Kalenna Harper (; born August 13, 1982) is an American singer-songwriter, television personality, and record producer from Philadelphia, Pennsylvania. She perhaps is best known as a member of the musical duo Dirty Money with Dawn Richard; later joined by label boss Sean "Diddy" Combs to form Diddy − Dirty Money. With the group, they released the critically acclaimed album Last Train to Paris (2010), and 2 additional mixtapes until their disbandment in 2012. From 2014 to 2015, she was a supporting cast member on the VH1 reality series Love & Hip Hop: Atlanta.

Career

2004–09: Songwriting and album appearances
She wrote many songs for other artists, such as Christina Milian's "Peanut Butter & Jelly", Charlotte Church's "Moodswings (To Come at Me Like That)", Aretha Franklin's "Put You Up on Game", Pussycat Dolls' "Painted Windows" and Ciara's "Pucker Up". She was featured on Rasheeda's GA Peach on the track "Pack Ya Bags" and Timati's The Boss on the track "Sexy Bitch". A track leaked in 2008 titled "Kaboom" is a duet between Harper and Lady Gaga recorded during their sessions with Jim Jonsin, before either singer was famous.

Additional credits include, Maino (Don't Say Nothing), Three 6 Mafia (Shake My), Ciara (Kiss My Swag), Trina (Let them Hoes Fight) and Dirty Money (Love Come Down). She's also been featured on the movie soundtracks to "Phat Girls" (Stronger) and "Confessions of a Shopaholic" (Big Spender). "Let Them Hoes Fight" was originally slated to feature Gaga, but solely Harper's vocals ultimately made the record.

2009–12: Diddy-Dirty Money
Harper became a member of a group called Diddy – Dirty Money, which included Harper and former Danity Kane member Dawn Richard. The band worked heavily on Diddy's new album Last Train to Paris. They released three singles in total. "Angels" was the band's debut single and featured The Notorious B.I.G., and was officially released on November 3 (but the song had leaked to the internet in early June). The video was directed by Hype Williams. The band's second single "Love Come Down" was released later that day (November 3). Both singles appeared on Diddy's album Last Train To Paris.

On November 13, a new Diddy-Dirty Money song leaked onto the internet. The song "Hurt" was a demo but officially became known as "Loving You No More," and features Drake.

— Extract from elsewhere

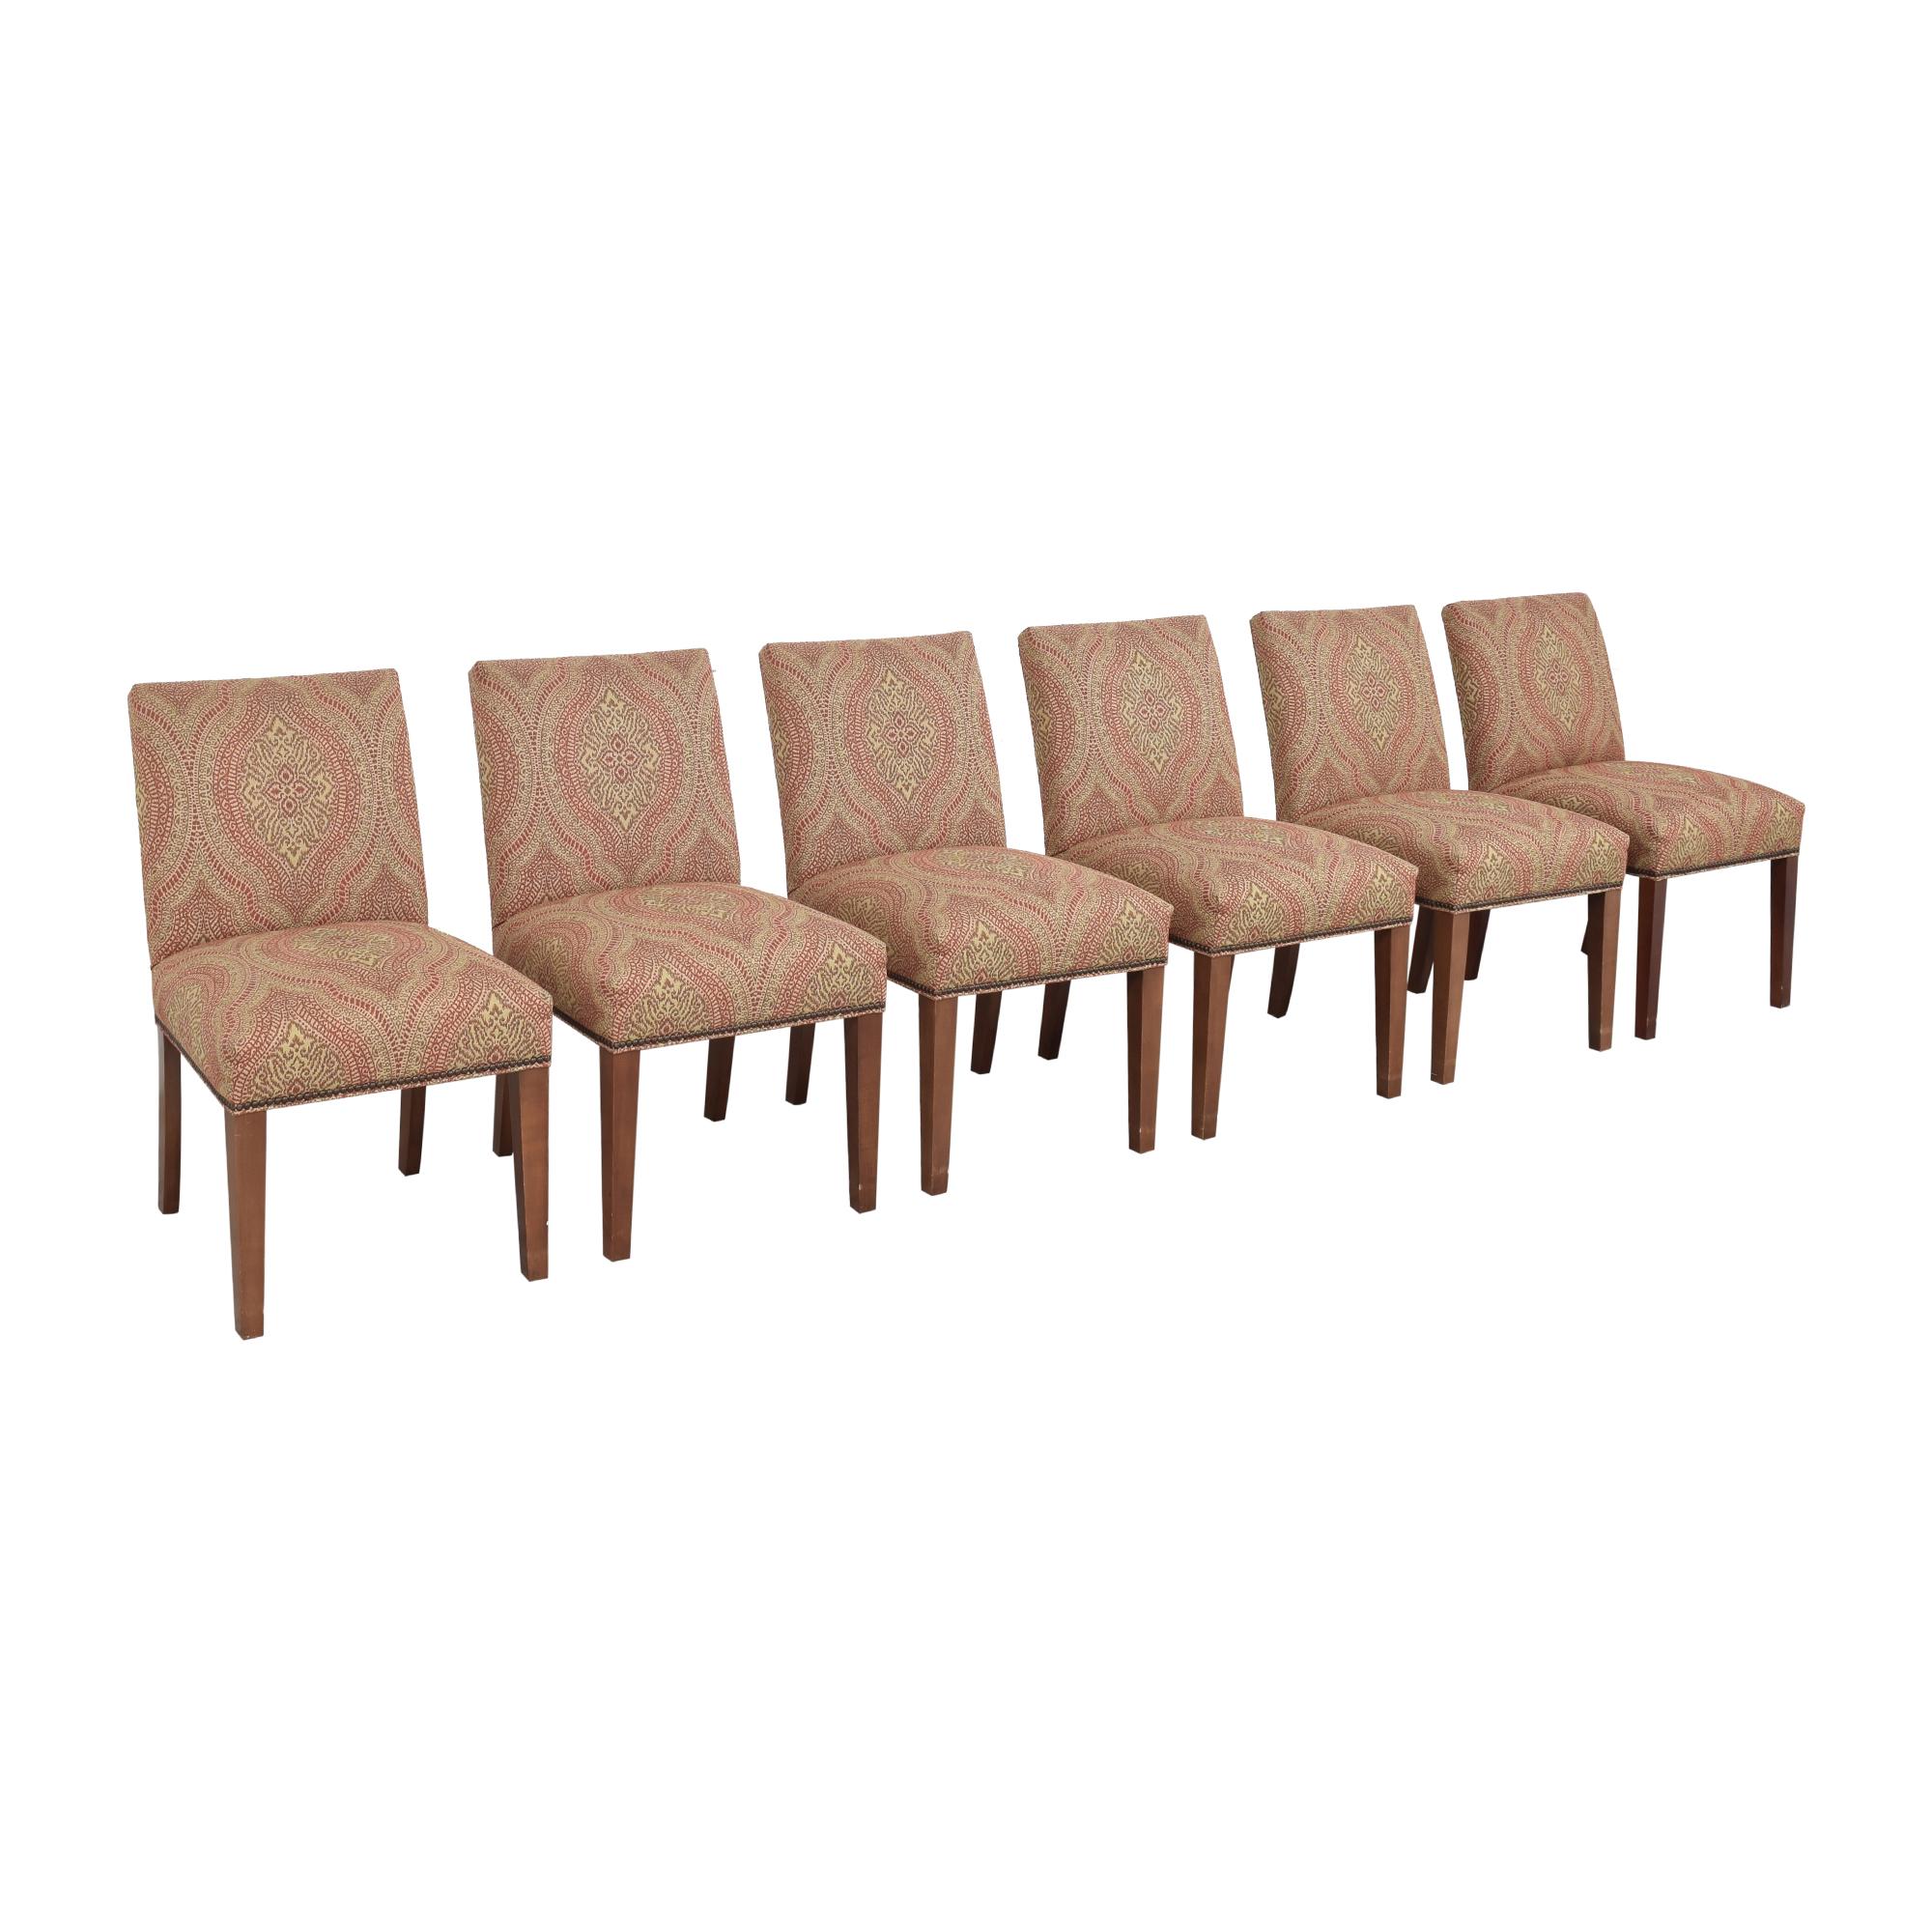 Ethan Allen Ethan Allen Sebago Dining Chairs price

The song is likely to be a track on Last Train To Paris. The band's third single "Hello Good Morning"  featured rapper T.I. and was released on March 30, 2010.

The group has performed on the 2010 BET Awards and nominated for the BET Best Group award. The album's fourth single "Loving You No More" featuring Drake was released on iTunes on September 21, 2010. She also co-wrote a song with Christina Aguilera on the Switch and John Hill production "Bionic" for Aguilera's 2010 fourth studio album, Bionic.

In 2012, the group disbanded. From there, Kalenna returned to making music as a solo artist.

2012–15: Black Orchid, Love and Hiphop Atlanta
Kalenna released a mix-tape called Chamber of Diaries on February 13, 2012, free of charge, consisting of thirteen tracks. The mixtapes lead single, "Go To Work" was released in November 2011.

She is a recurring star in season 3–4 of Love & Hip Hop: Atlanta. During the span of the show, Kalenna released  "Murder" and "Space and Time" on iTunes.

Discography

Studio albums

Mixtapes

As featured artist

As songwriter

Filmography

Television

References

External links

Non-commercial Kalenna mixtapes

African-American women singer-songwriters
American women hip hop singers
American rhythm and blues singer-songwriters
American soul singers
Bad Boy Records artists
Living people
Musicians from Atlanta
Participants in American reality television series
1982 births
21st-century African-American women singers
Singer-songwriters from Georgia (U.S. state)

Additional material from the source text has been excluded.